_What is needed:_
Span requested from the data below: the line with "東寺や弘法大師に関連した書籍" through the line with "Kissenhülle Amigos mit", both included. Give only these lines again, exactly, and leave every picture out.

_Task material:_
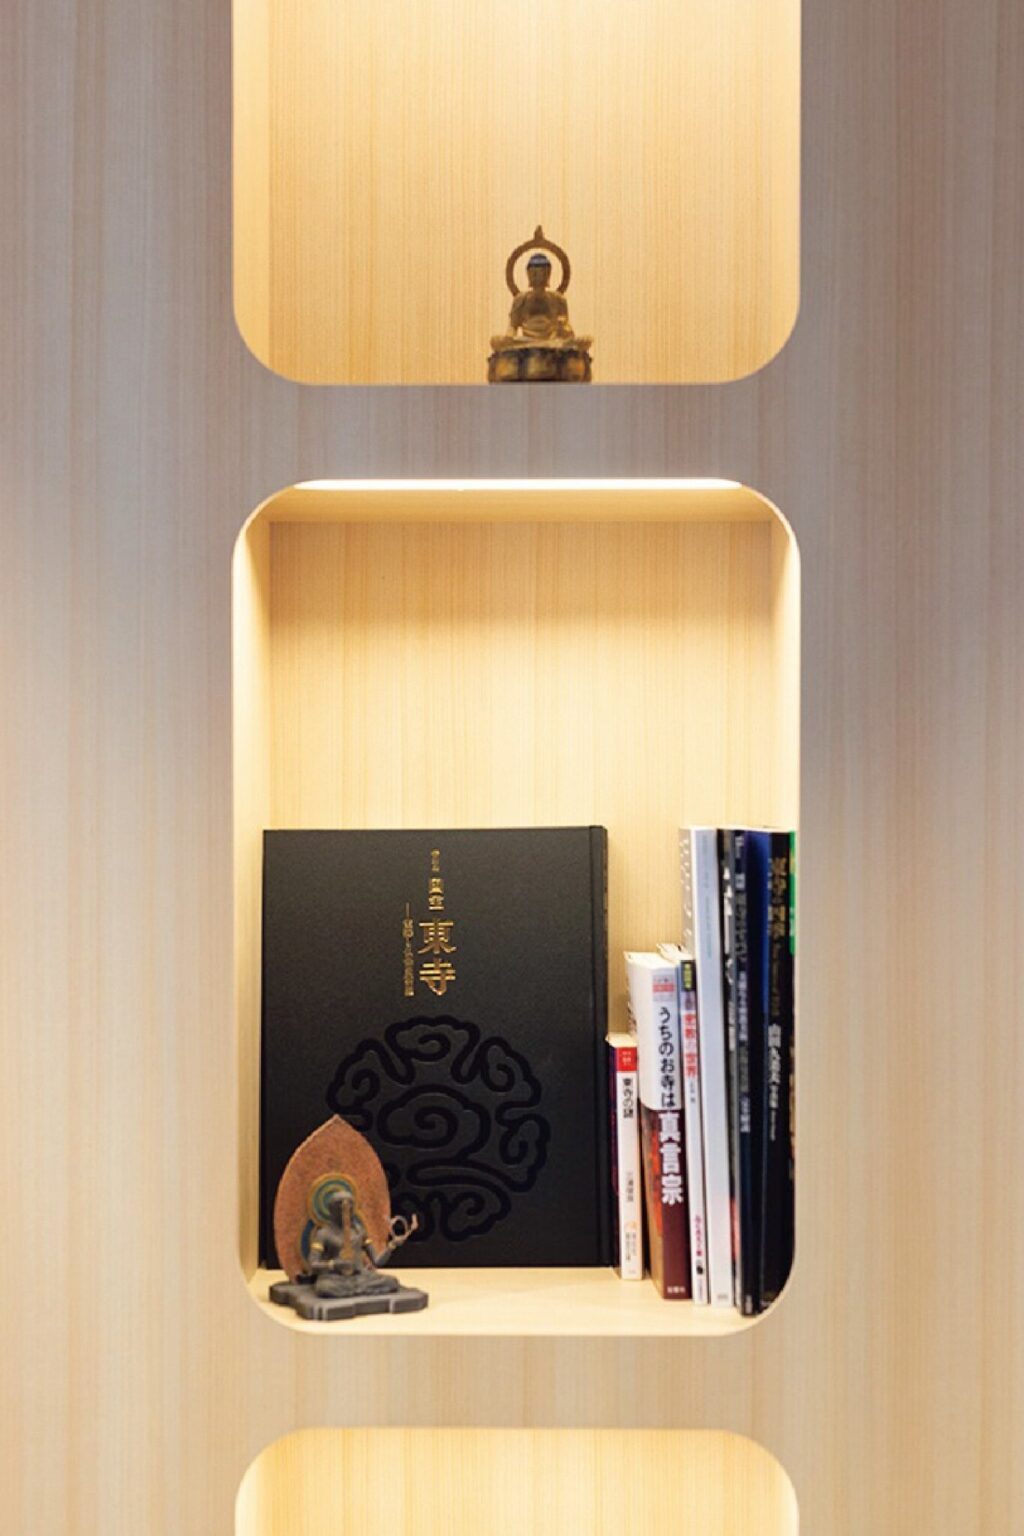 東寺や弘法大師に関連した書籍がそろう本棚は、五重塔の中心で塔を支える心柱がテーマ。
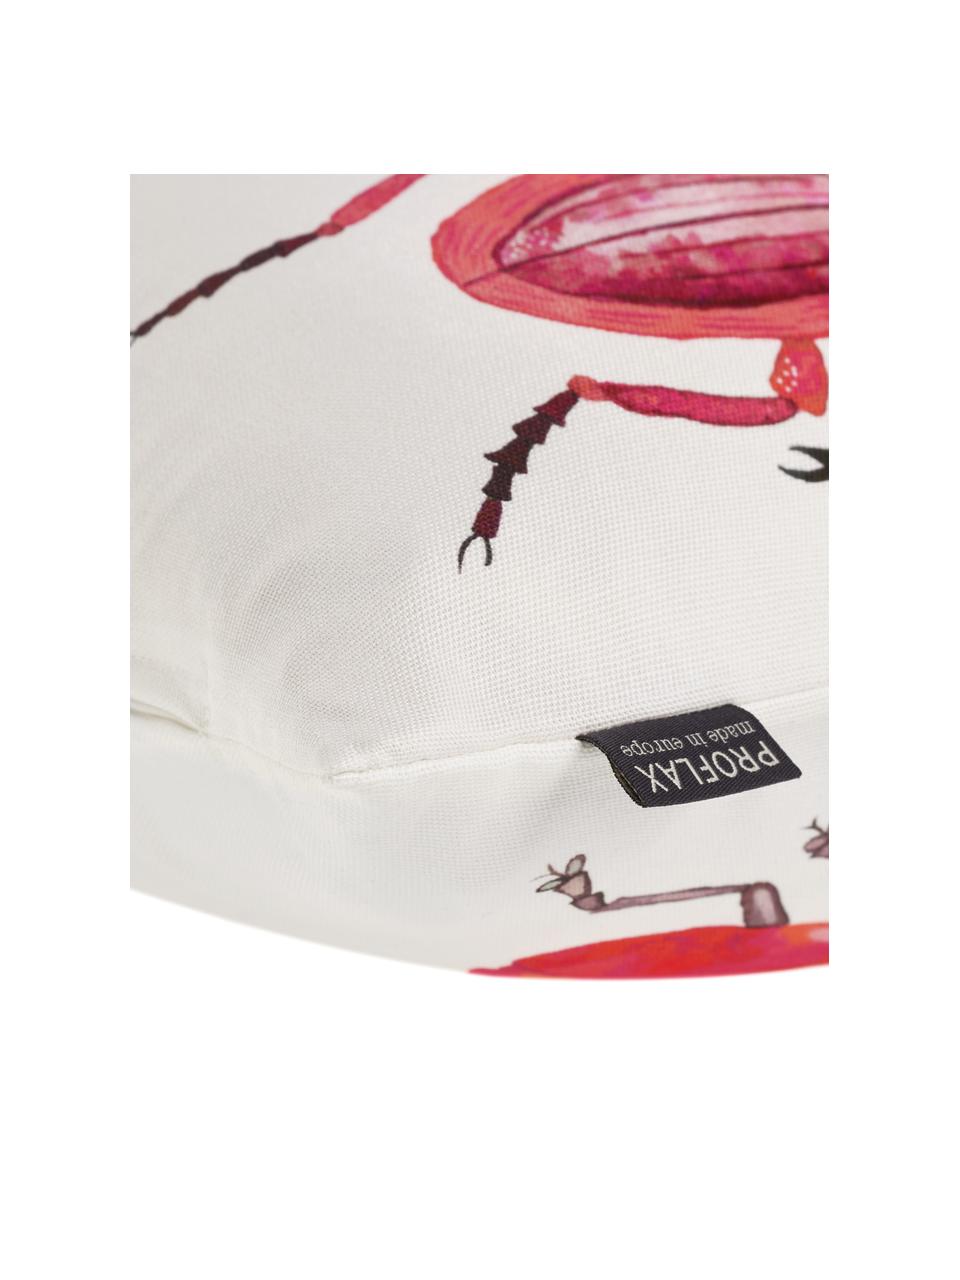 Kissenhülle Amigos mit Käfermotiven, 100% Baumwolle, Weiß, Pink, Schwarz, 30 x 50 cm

* * *

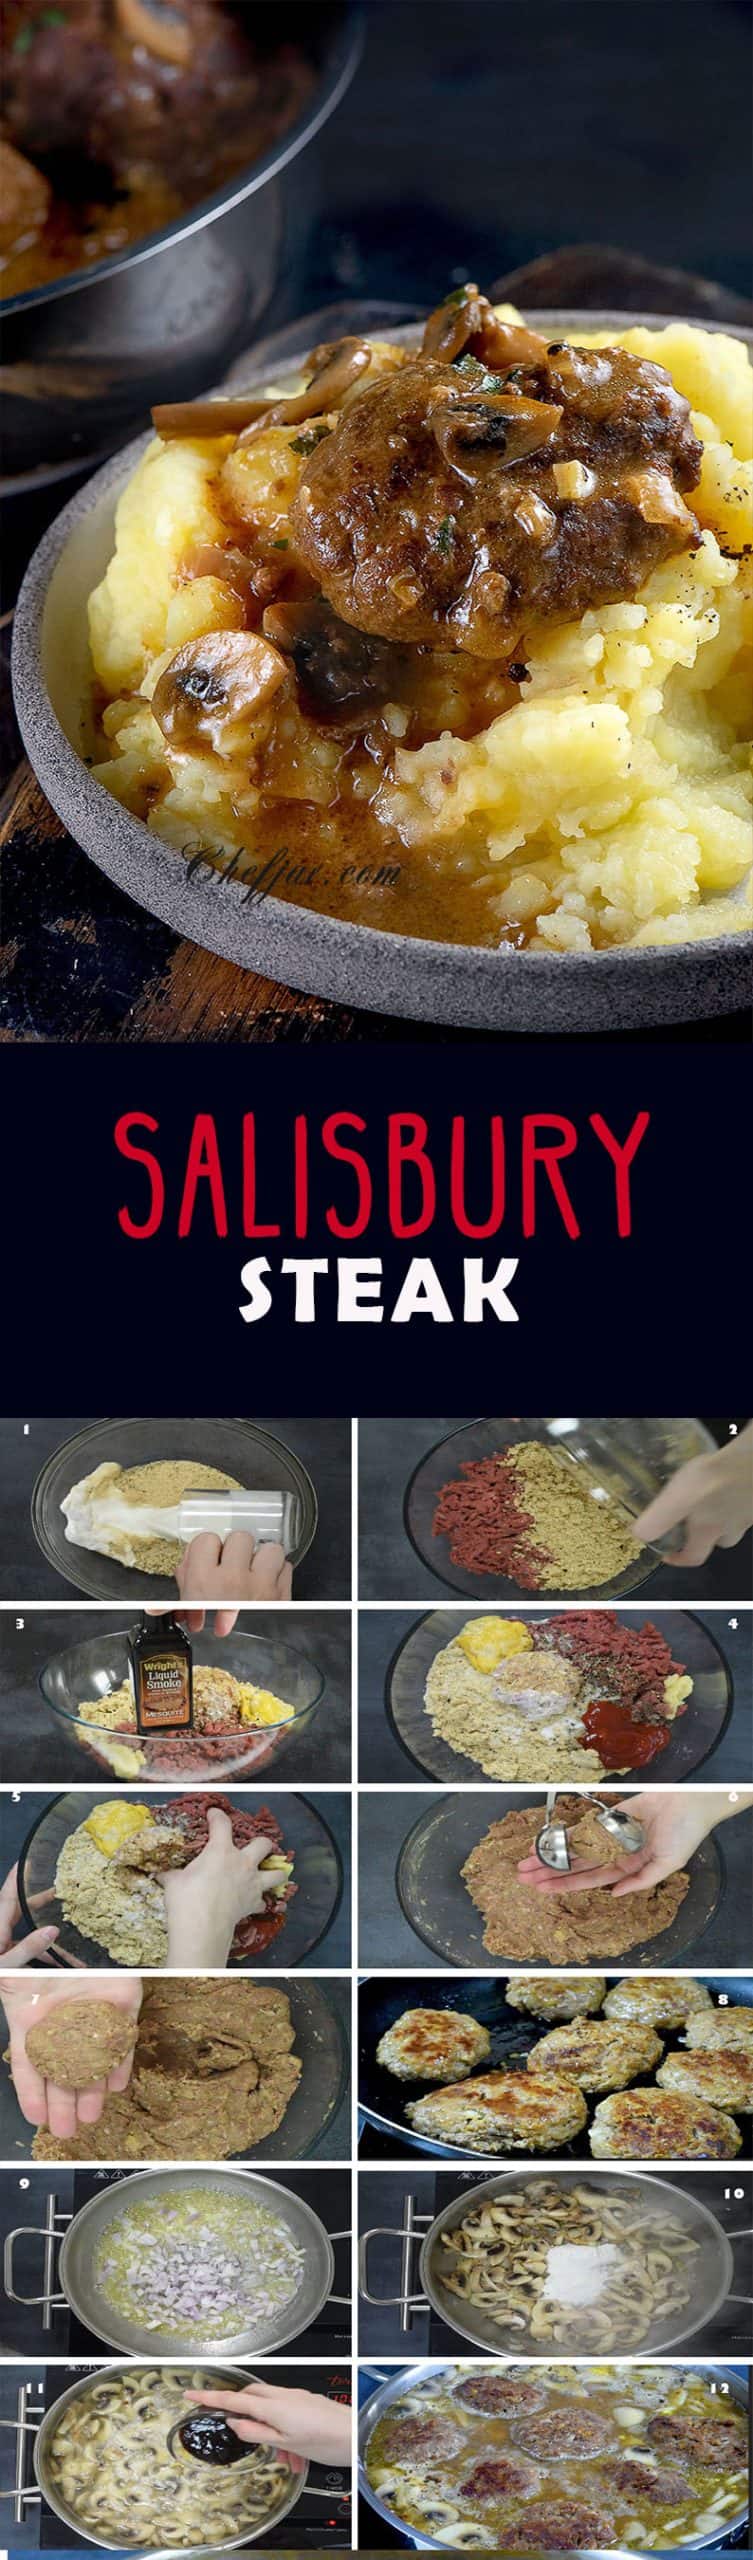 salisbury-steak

...

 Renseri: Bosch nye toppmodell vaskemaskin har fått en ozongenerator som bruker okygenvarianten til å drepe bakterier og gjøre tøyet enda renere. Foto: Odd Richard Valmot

_Reply to the task:_
 東寺や弘法大師に関連した書籍がそろう本棚は、五重塔の中心で塔を支える心柱がテーマ。
 Kissenhülle Amigos mit Käfermotiven, 100% Baumwolle, Weiß, Pink, Schwarz, 30 x 50 cm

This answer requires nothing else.